PROBLEM DETAILS » The lines to be extracted begin at the line containing "oil and gold" and end at the last line of the data below; copy them exactly and leave out the pictures.

DATA PROVIDED »
BEGIN
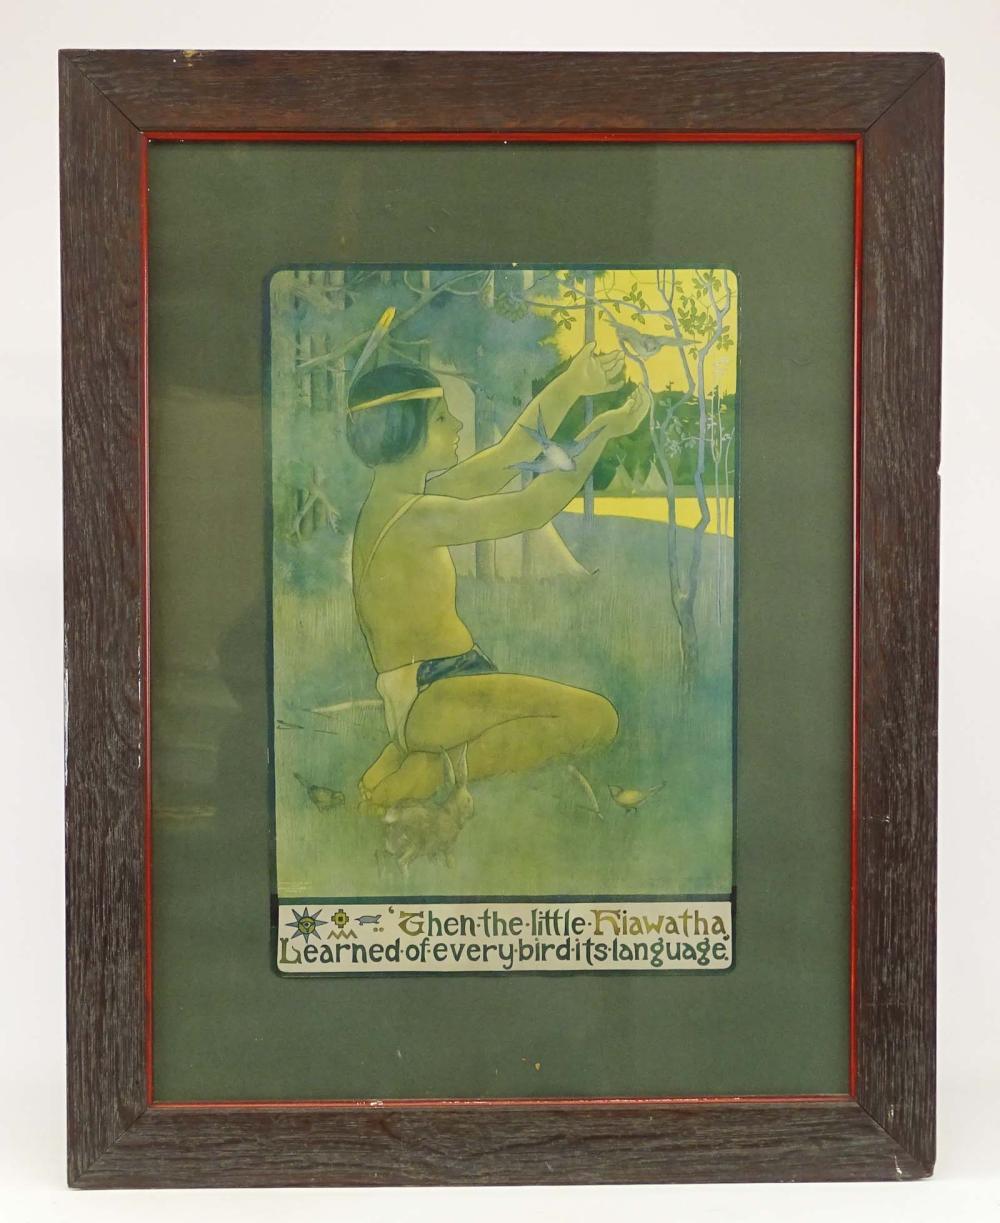 Arts & Crafts Period Framed Print
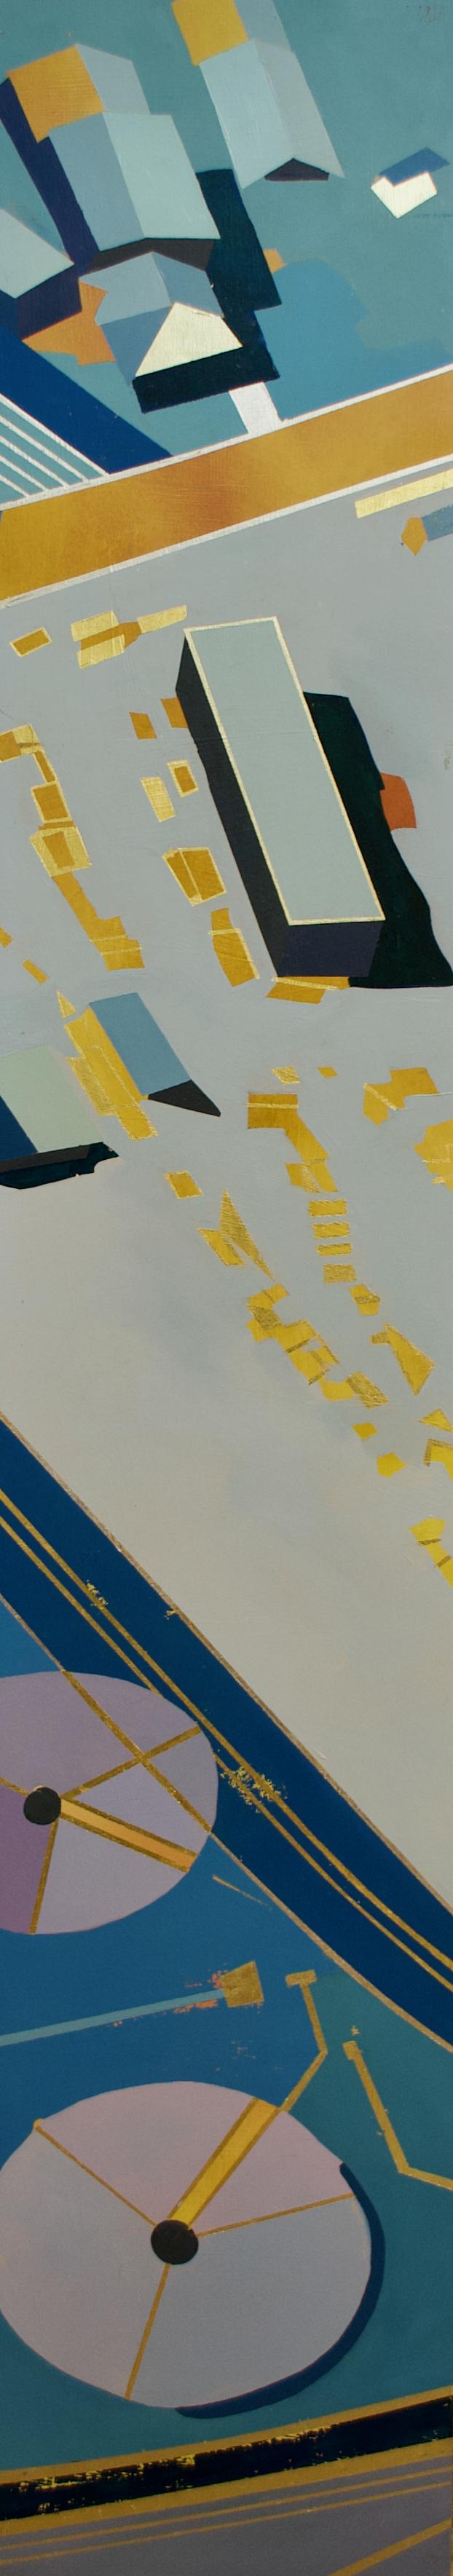 "Wonderwheel #2 - 55 "" x 10"" oil and gold leaf on panel$1700"
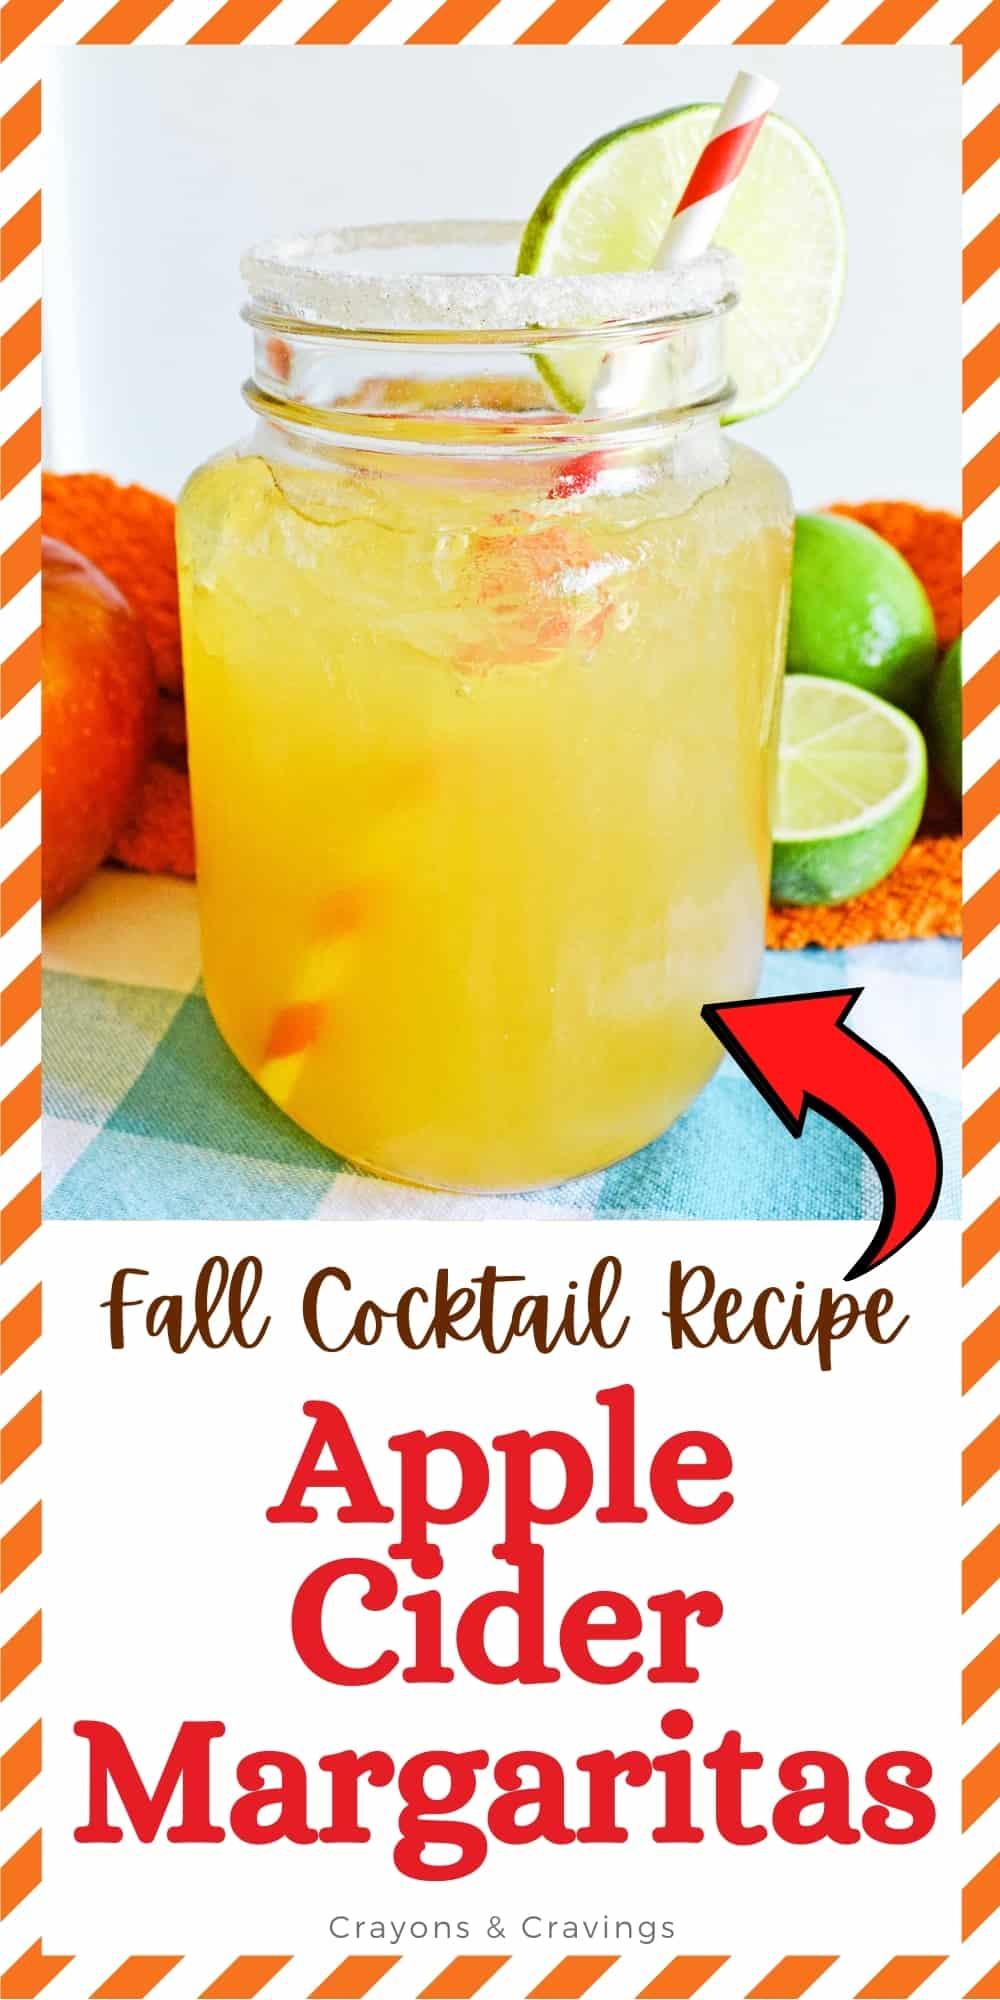 Fall Cocktail Recipe; Apple Cider Margaritas
END
EXERCISE OUTPUT »
 "Wonderwheel #2 - 55 "" x 10"" oil and gold leaf on panel$1700"
 Fall Cocktail Recipe; Apple Cider Margaritas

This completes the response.